Catholic Total Abstinence Fountain
Still there where it always was. This ensemble by Herman Kirn (or Kern) is the largest from the Centennial, comprising a 16-ton Moses surrounded by four Catholic patriots. It stands before the Mann Music Center, which occupies the crest of George's Hill, site of a restaurant during the Centennial.
Dying Lioness
This sculpture by Wilhelm Wolff was purchased by the Fairmount Park Art Association and now stands just outside the entrance to the Philadelphia Zoo.
Pegasus Sculptures
These sculptures by Vincenz Pilz were originally created for the Vienna Opera House but were considered too large. They are still standing just outside Memorial Hall.
Richard Allen
Supposed to have been dedicated on November 3 by African American citizens of Philadelphia, the statue is noted on contemporary maps as being in front of the English Buildings. Some accounts say the sculpture was damaged in a train wreck as it was being transported from Ohio to Philadelphia. Then a granite obelisk was constructed in its place, and a portion of the damaged bust was mounted on the obelisk. No one knows what happened to the monument after that. We are still researching this one.
William Penn
Many guidebooks mention the dedication of a statue of William Penn, which would eventually be placed atop the new municipal buildings in Philadelphia. It never happened. Although there were plans for its construction, it was not completed until 1894.
Witherspoon Monument
This statue of the Presbyterian clergyman by Joseph A. Bailly originally stood a little northeast of Memorial Hall. It now stands just east of the new Horticultural Center, which replaced Horticultural Hall. Bailly also sculpted the Aurora exhibited in Memorial Hall.

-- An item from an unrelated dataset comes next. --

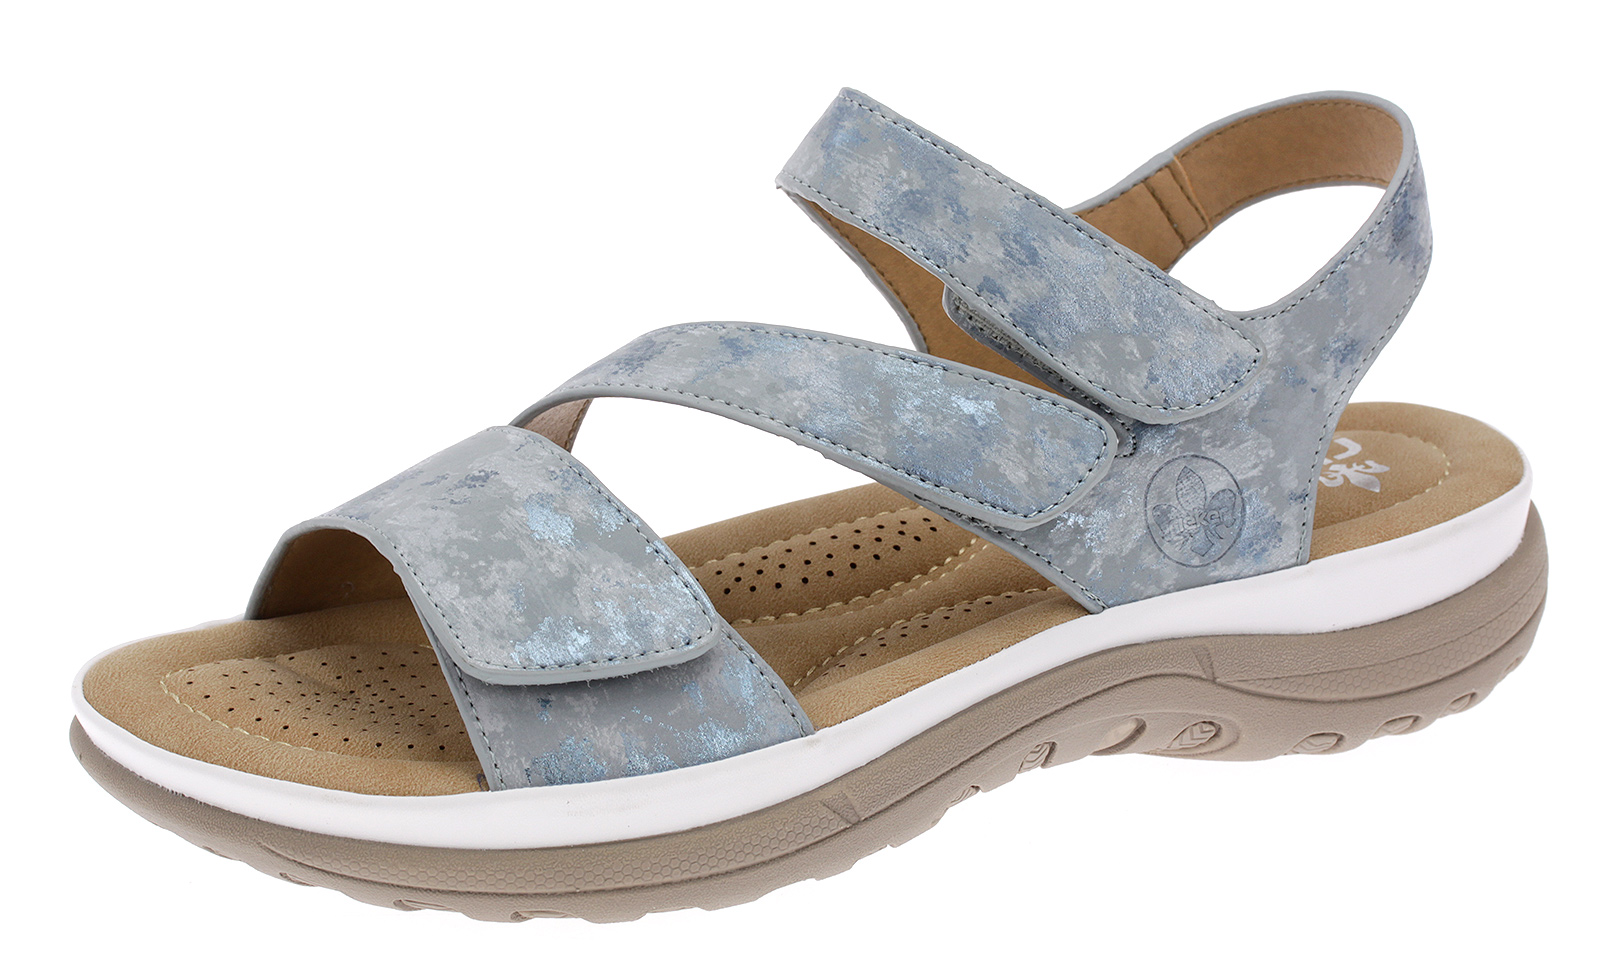 Rieker Sandalette Damen Sandalen Freizeit Sommerschuhe Klettverschluss V8872-12

B'nai B'rith Monument to Religious Liberty
This monument by Moses Ezekiel was originally placed between Memorial Hall and the Annex. Moved several times within Fairmount Park, it is now at the National Museum of American Jewish History, 55 North 5th Street.
Washington Statue
This statue stood in front of Judge's Hall. Contemporary guidebooks say it was the property of Mr. Mahlon Dickerson, an American banker in Florence, and was loaned by him to the Centennial.
Howe Monument
Maps locate a Howe Monument between Machinery Hall and the lake. Only one source identifies this as Elias Howe, the inventor of an early prototype sewing machine. Howe sued Isaac M. Singer and Company for patent infringement in the longest court case in U.S. history, and was awarded $15,000 and royalties of $25 for every Singer machine, an average of $4000 per week until 1867. He then went into competition with Singer and was awarded a gold medal for a new model at the 1867 Paris Exhibition. The Singer Manufacturing Company Building stood not far from the monument, probably within view. We do not know what happened to the Howe Monument.
The Navy
This sculpture by Larkin G. Mead stood at the west corner of Memorial Hall. It was later moved to Springfield, Illinois where it became part of a Lincoln memorial.
Portland Brownstone Portal
This was a gift from Portland, Oregon. The Philadelphia Public Art Inventory lists the sculpture as Brownstone Gate to a Footpath, attributed to Frank Furness. It was unclaimed after the Centennial and so became the property of the Fairmount Park Commission. It now stands along Kelly Drive below Laurel Hill.
Spanish Cannon
Two Spanish cannon, the Militiades and the Semiramis, cast in 1743, along with a Spanish mortar, still stand at the entrance to Memorial Hall.